REQUIREMENT: Word for word, give the data again without its pictures.

DATASET EXCERPT:
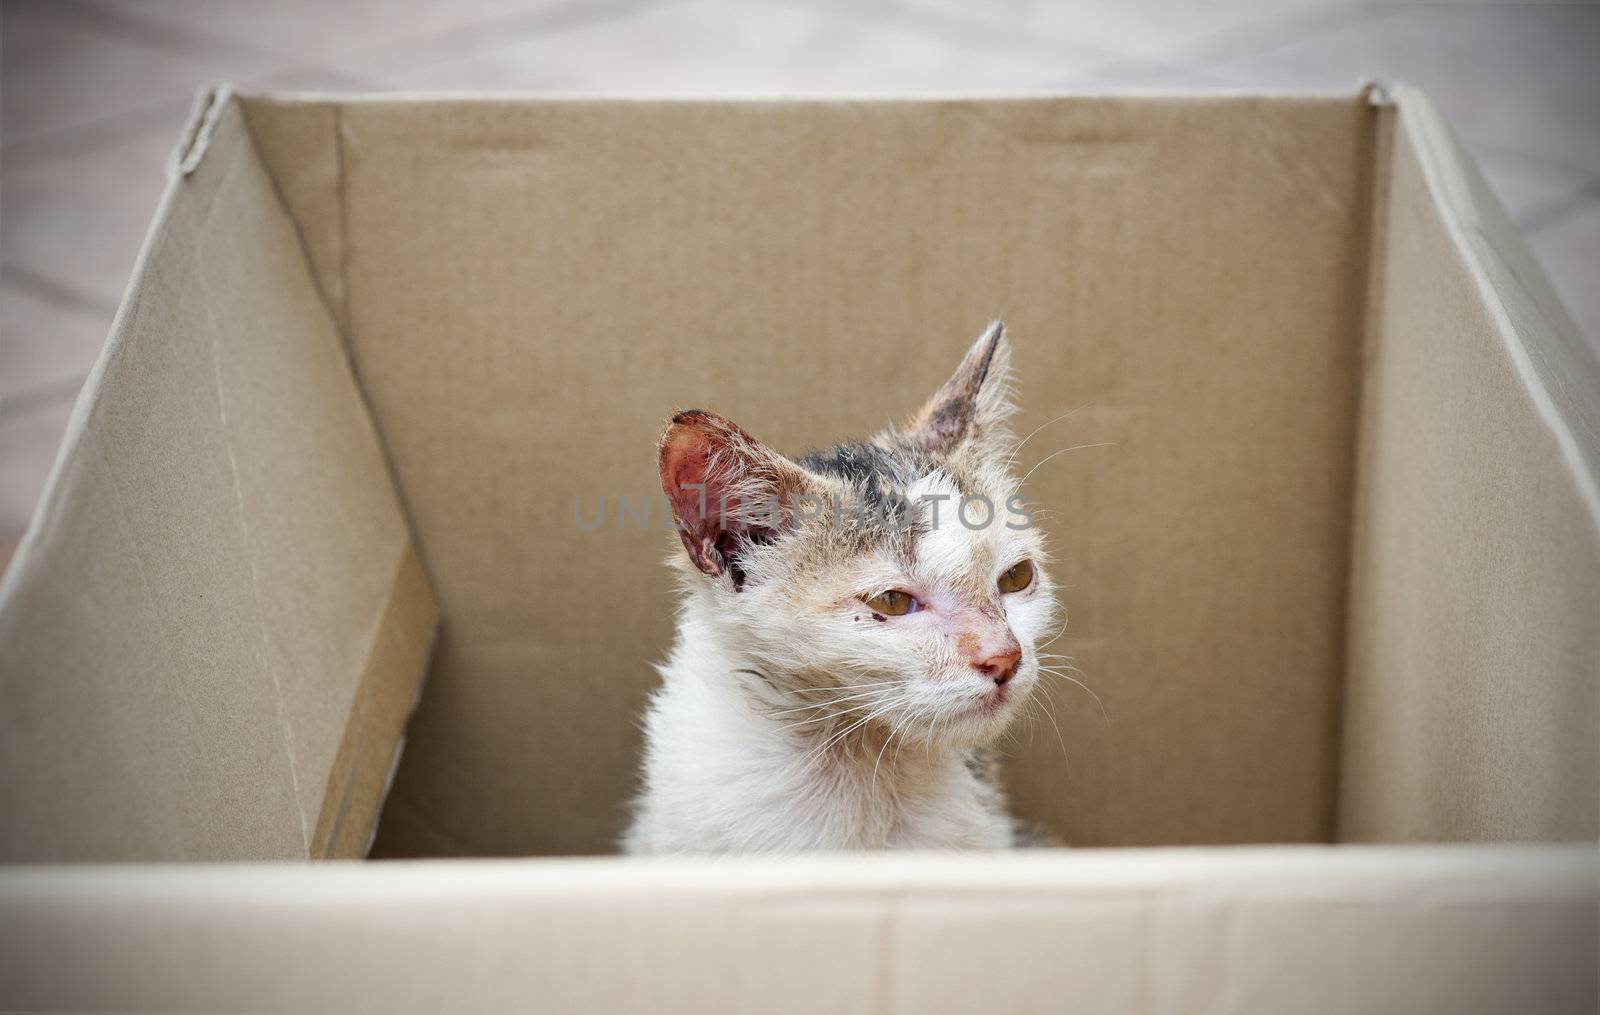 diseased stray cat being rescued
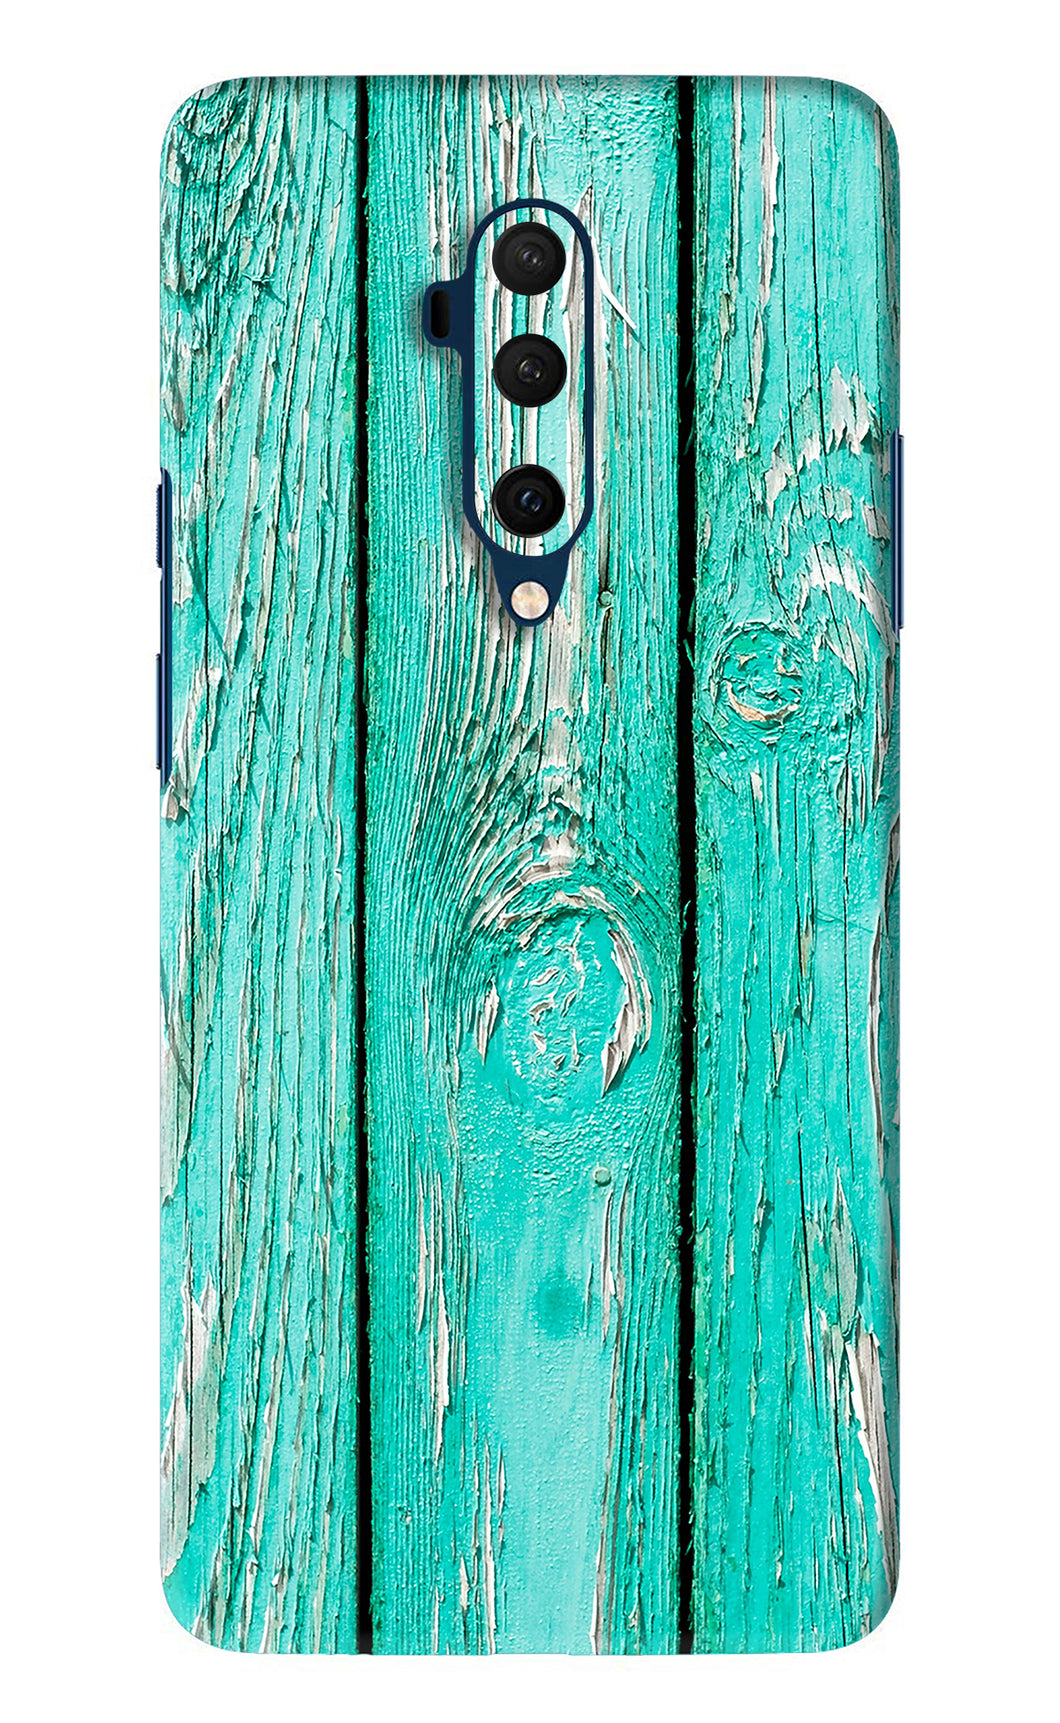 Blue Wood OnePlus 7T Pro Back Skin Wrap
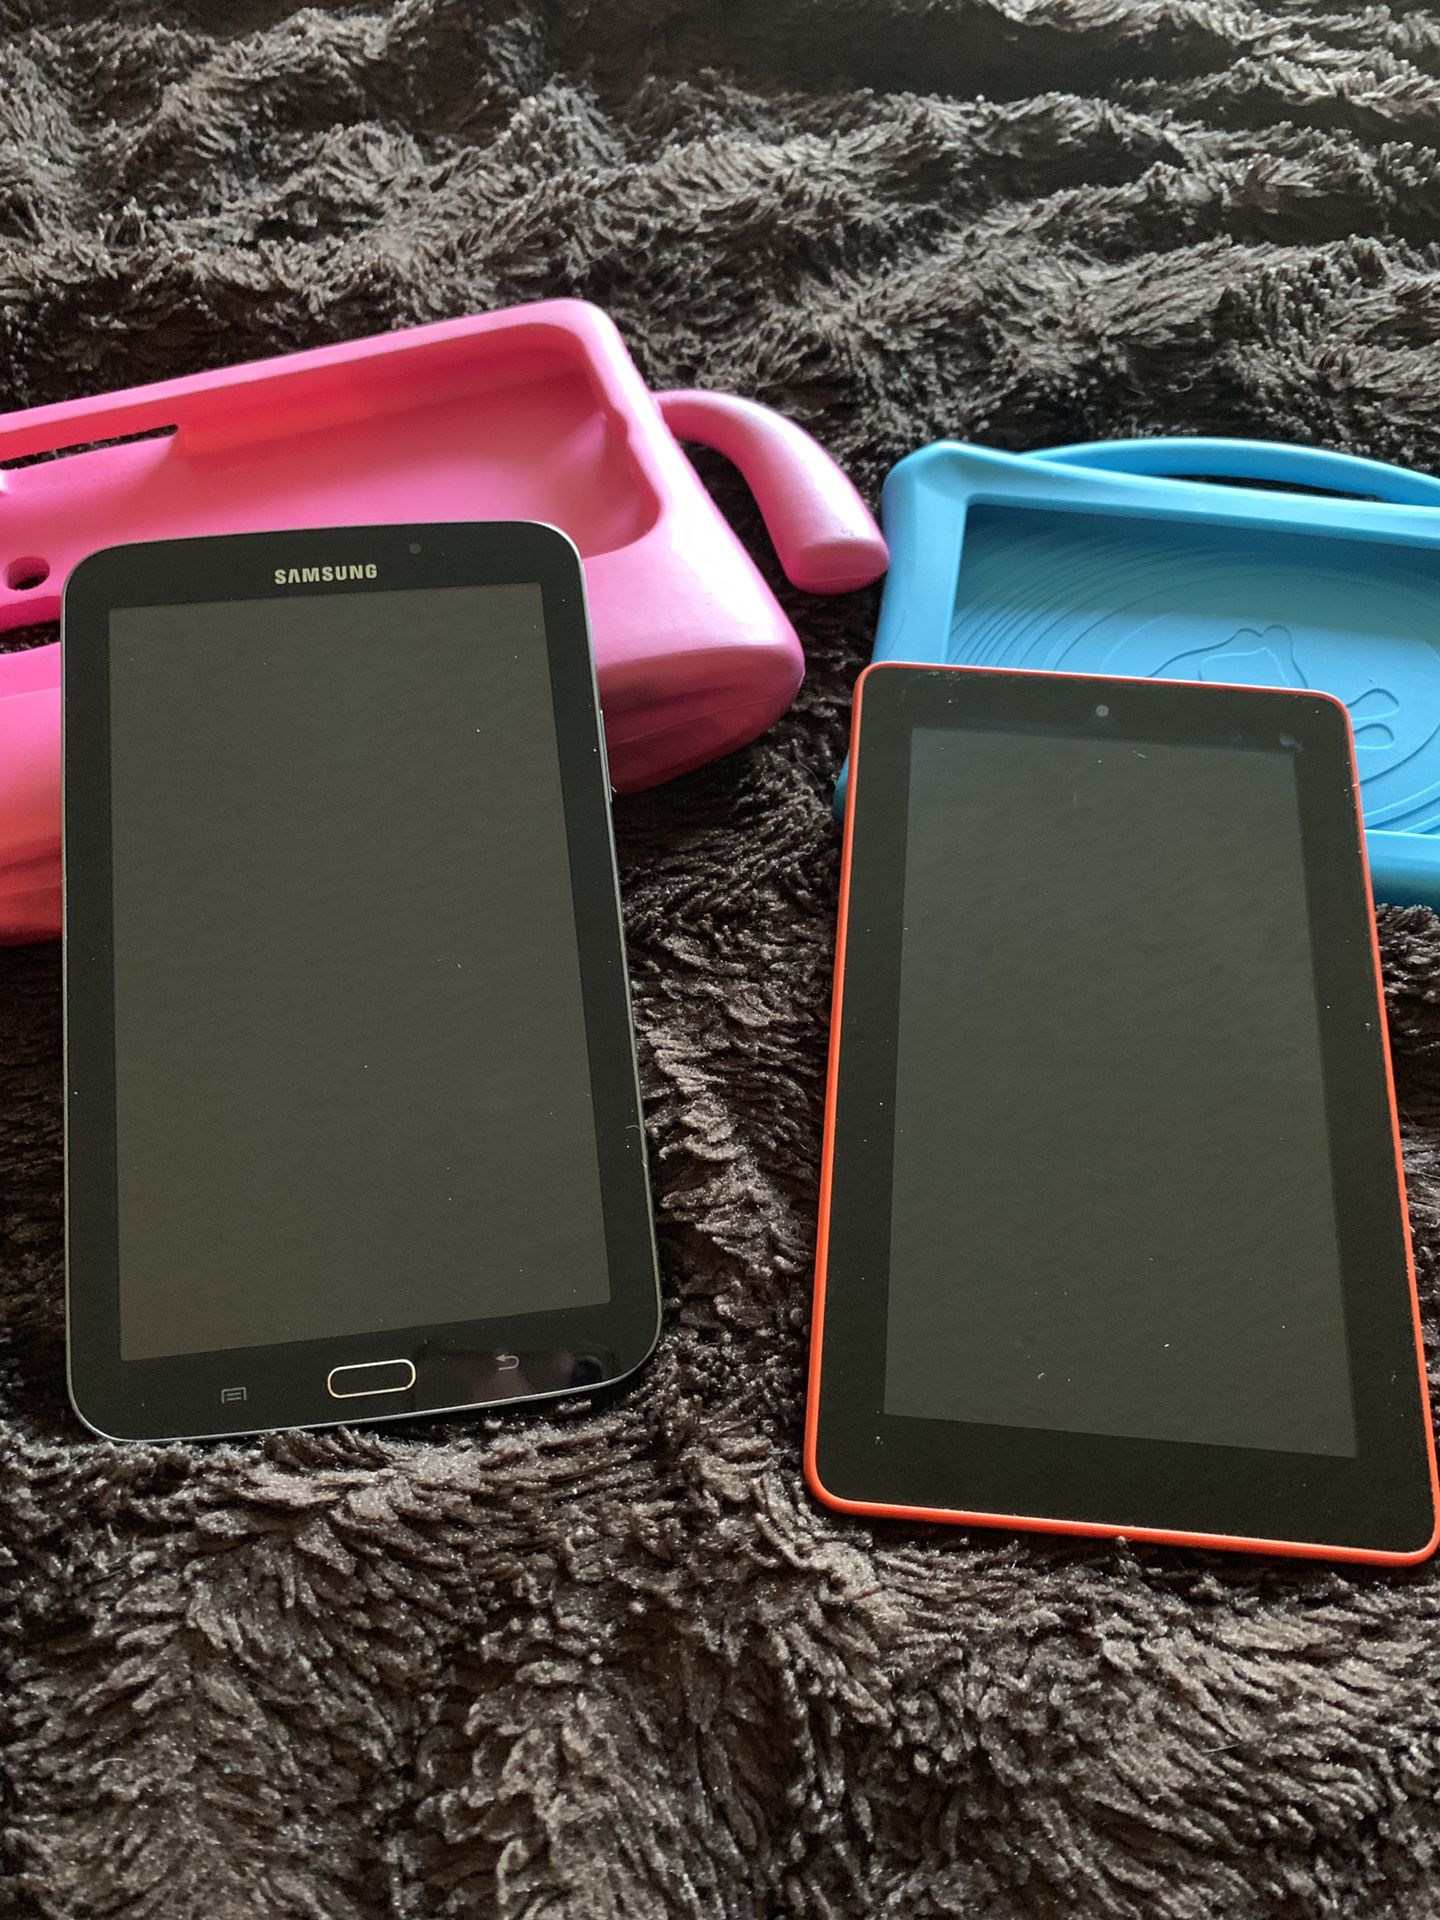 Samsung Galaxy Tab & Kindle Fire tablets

EXERCISE RESPONSE:
 diseased stray cat being rescued
 Blue Wood OnePlus 7T Pro Back Skin Wrap
 Samsung Galaxy Tab & Kindle Fire tablets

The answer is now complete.